EXERCISE INPUTS:
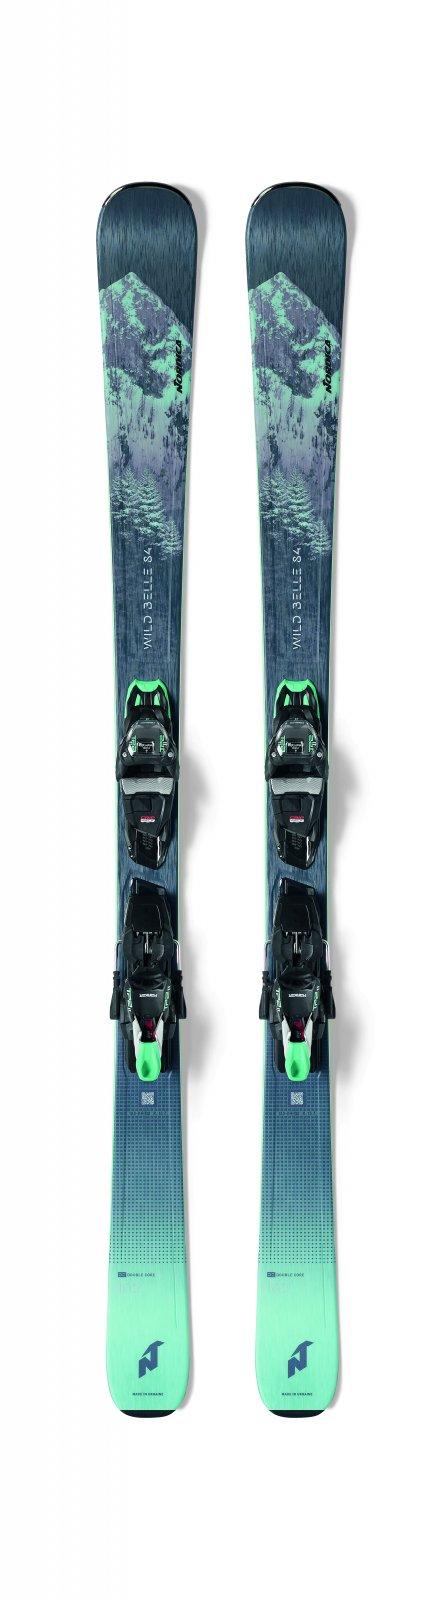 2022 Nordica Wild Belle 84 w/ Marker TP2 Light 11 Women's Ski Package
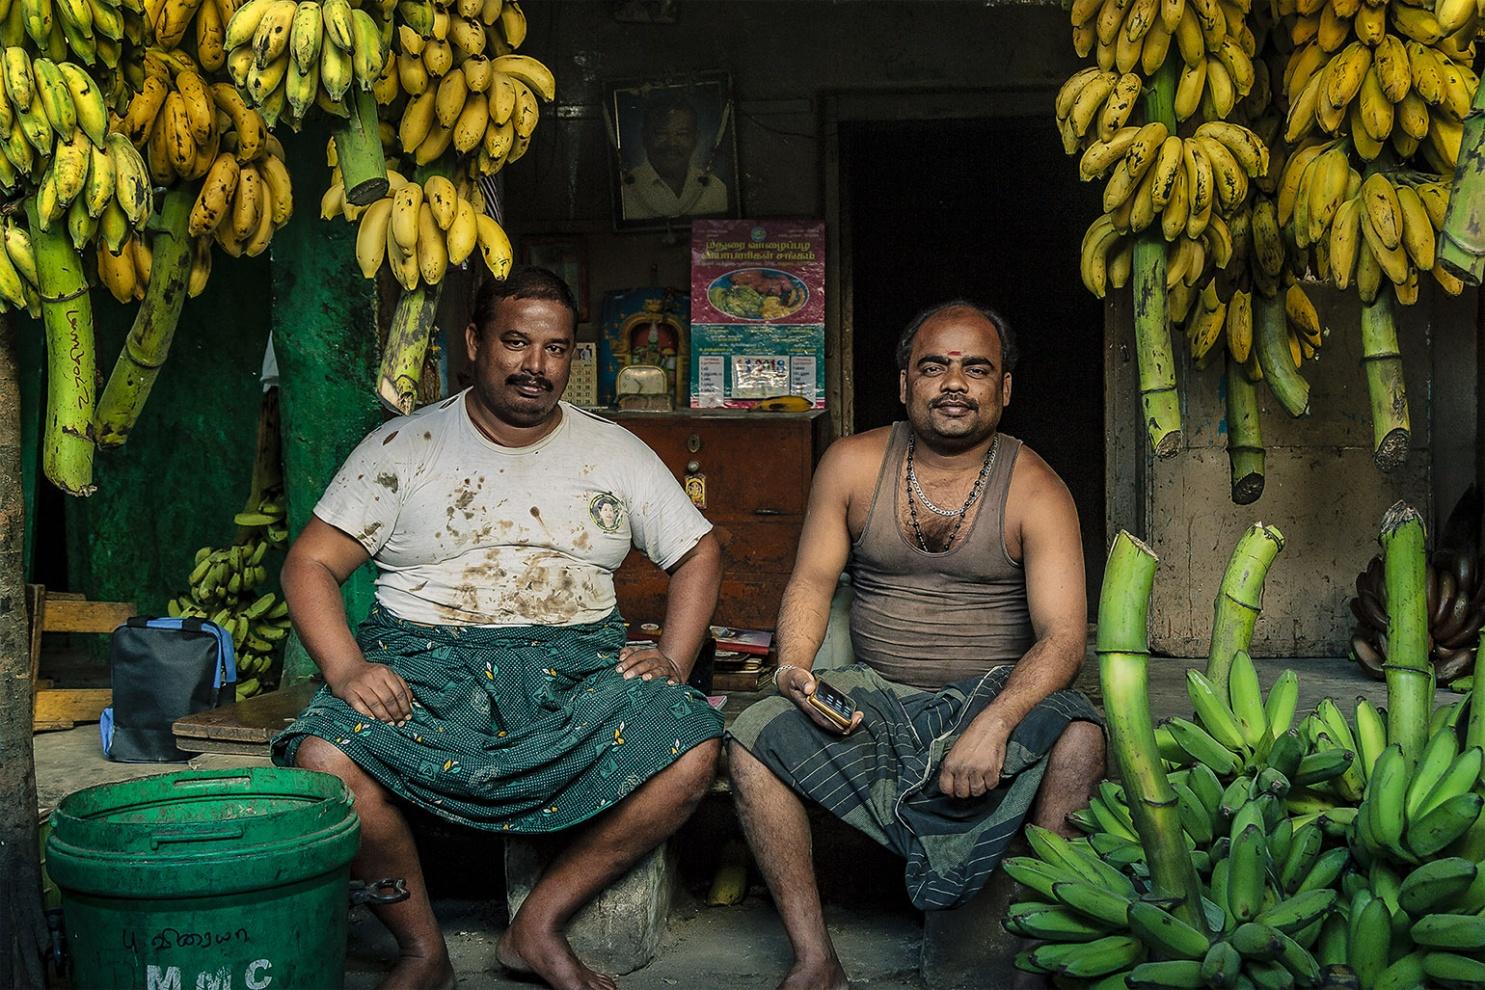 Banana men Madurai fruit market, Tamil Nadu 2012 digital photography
--
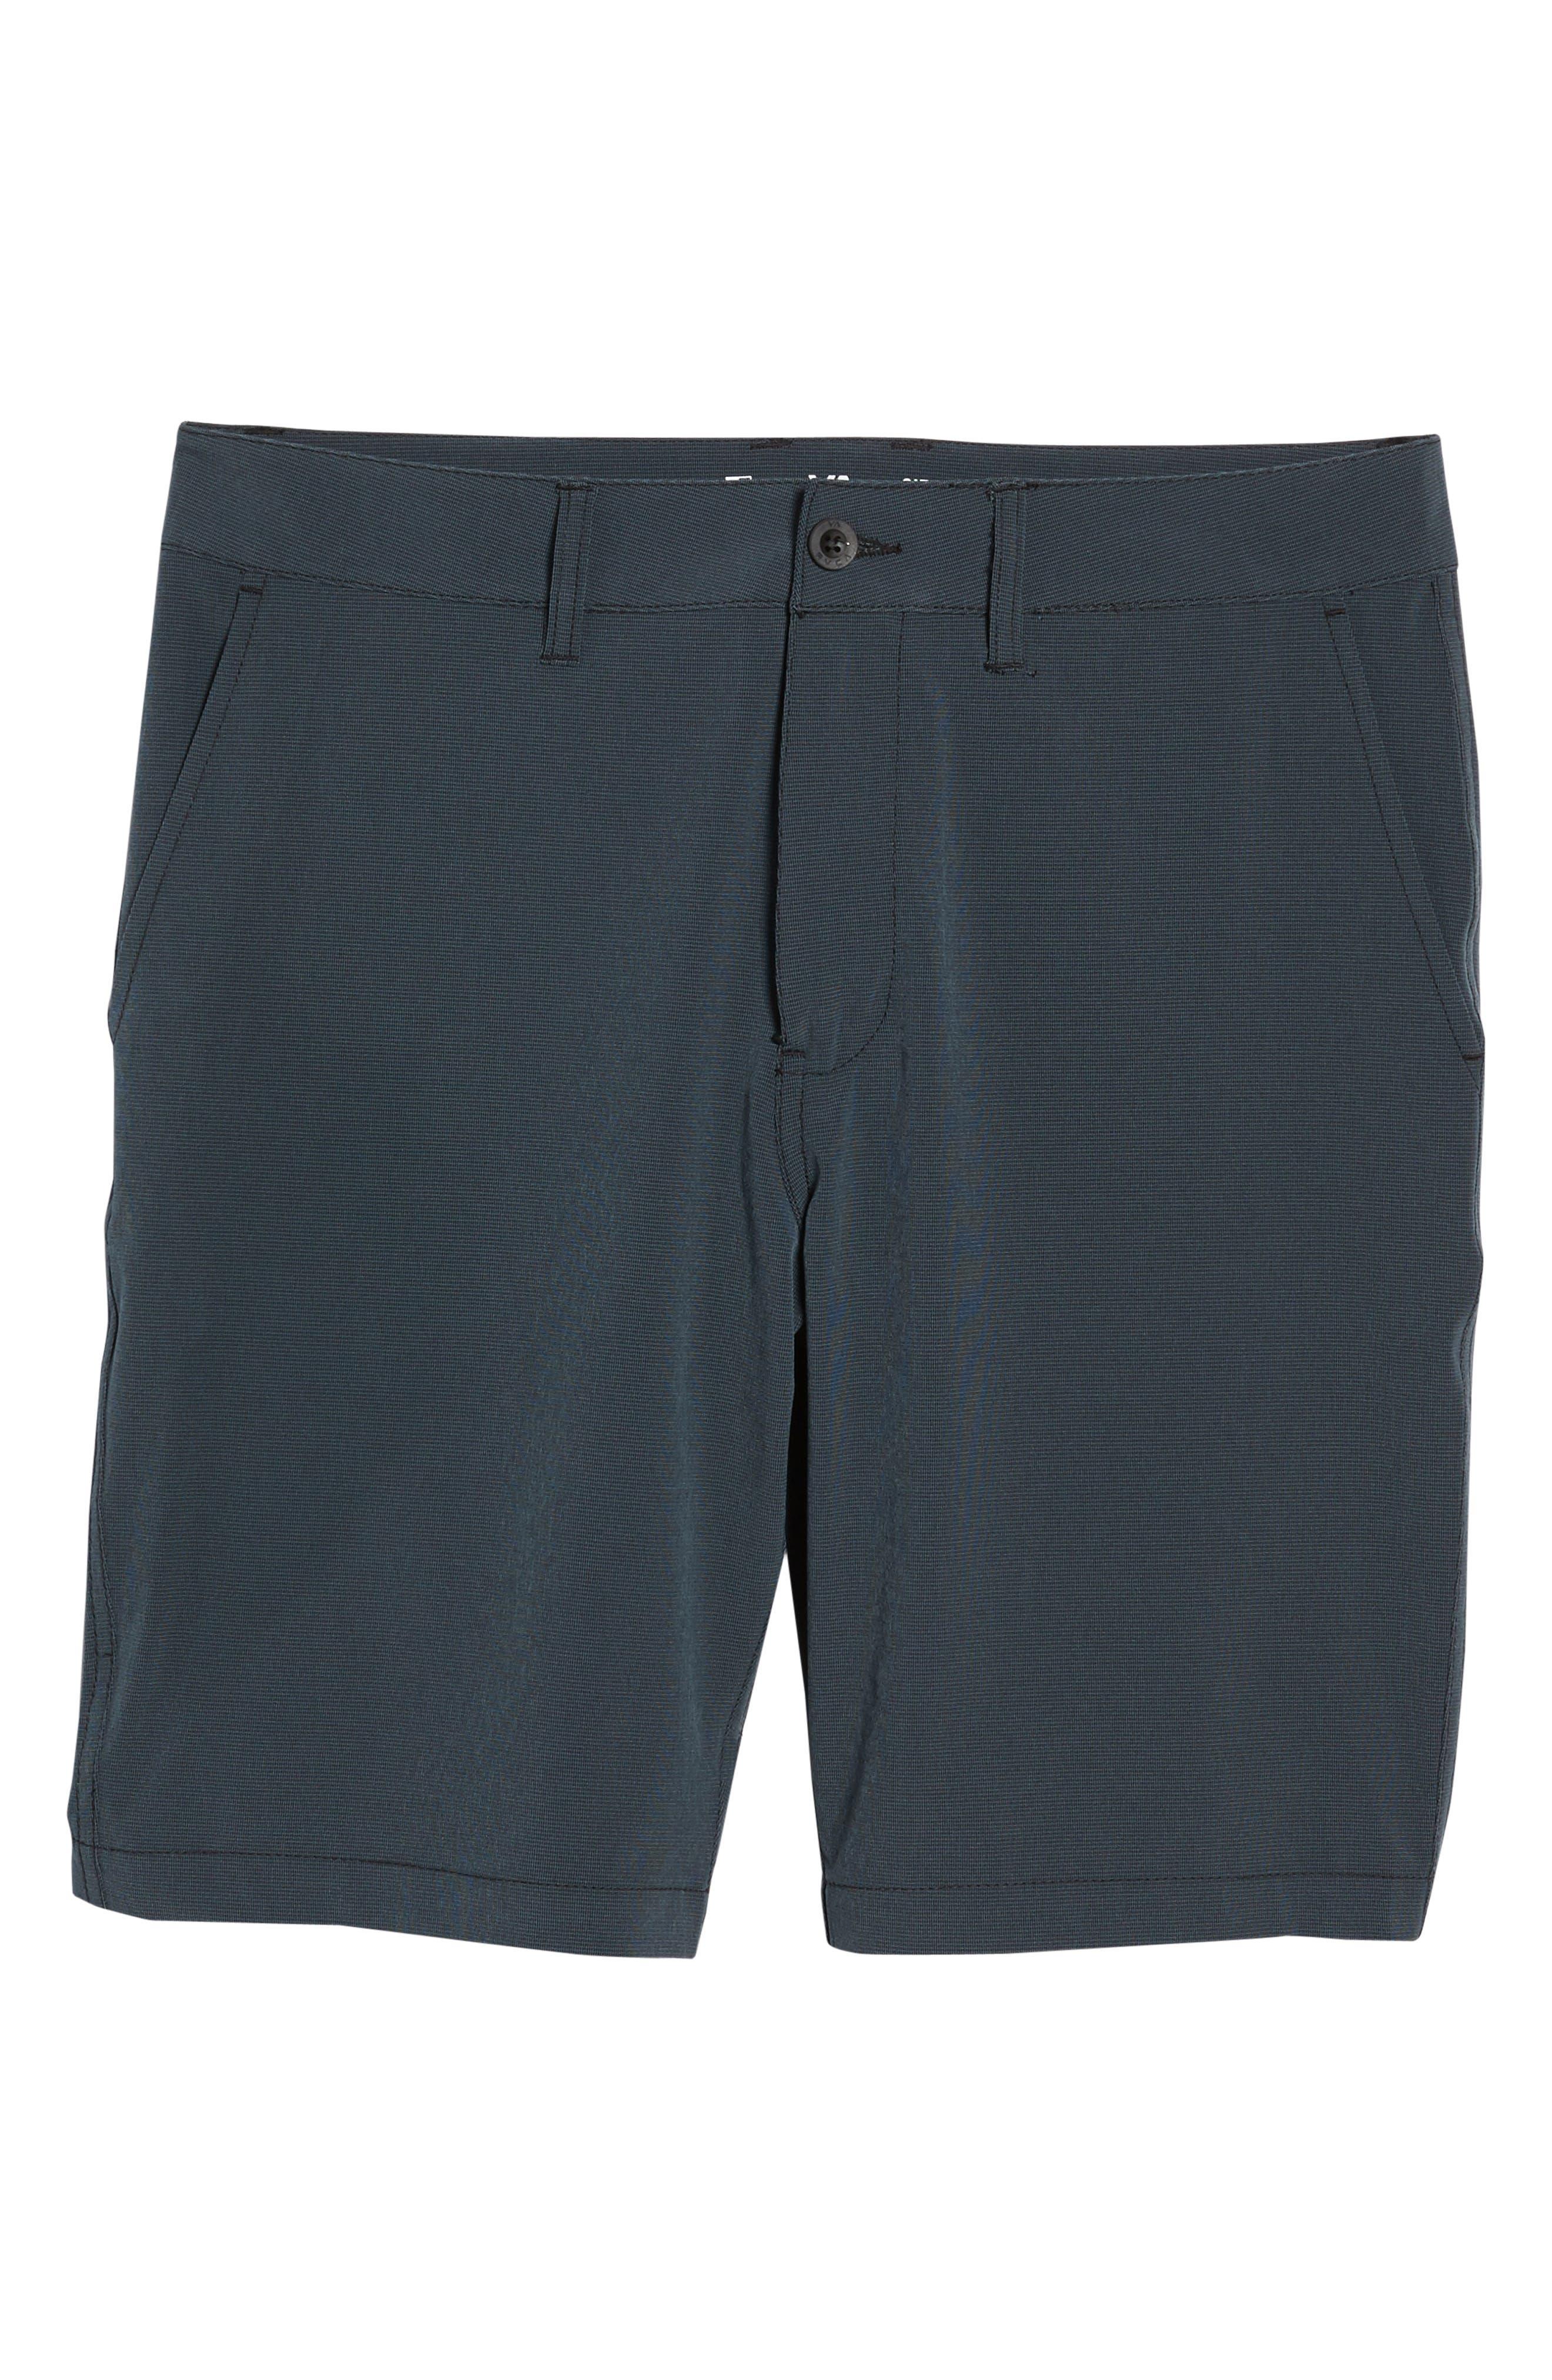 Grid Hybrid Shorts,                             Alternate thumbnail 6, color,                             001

WHAT TO DO:
Give back, exactly and without pictures, the stretch of the records above from the line containing "2022 Nordica Wild" through the line containing "Banana men Madurai", with both end lines included.

SOLUTION TO THIS TASK:
 2022 Nordica Wild Belle 84 w/ Marker TP2 Light 11 Women's Ski Package
 Banana men Madurai fruit market, Tamil Nadu 2012 digital photography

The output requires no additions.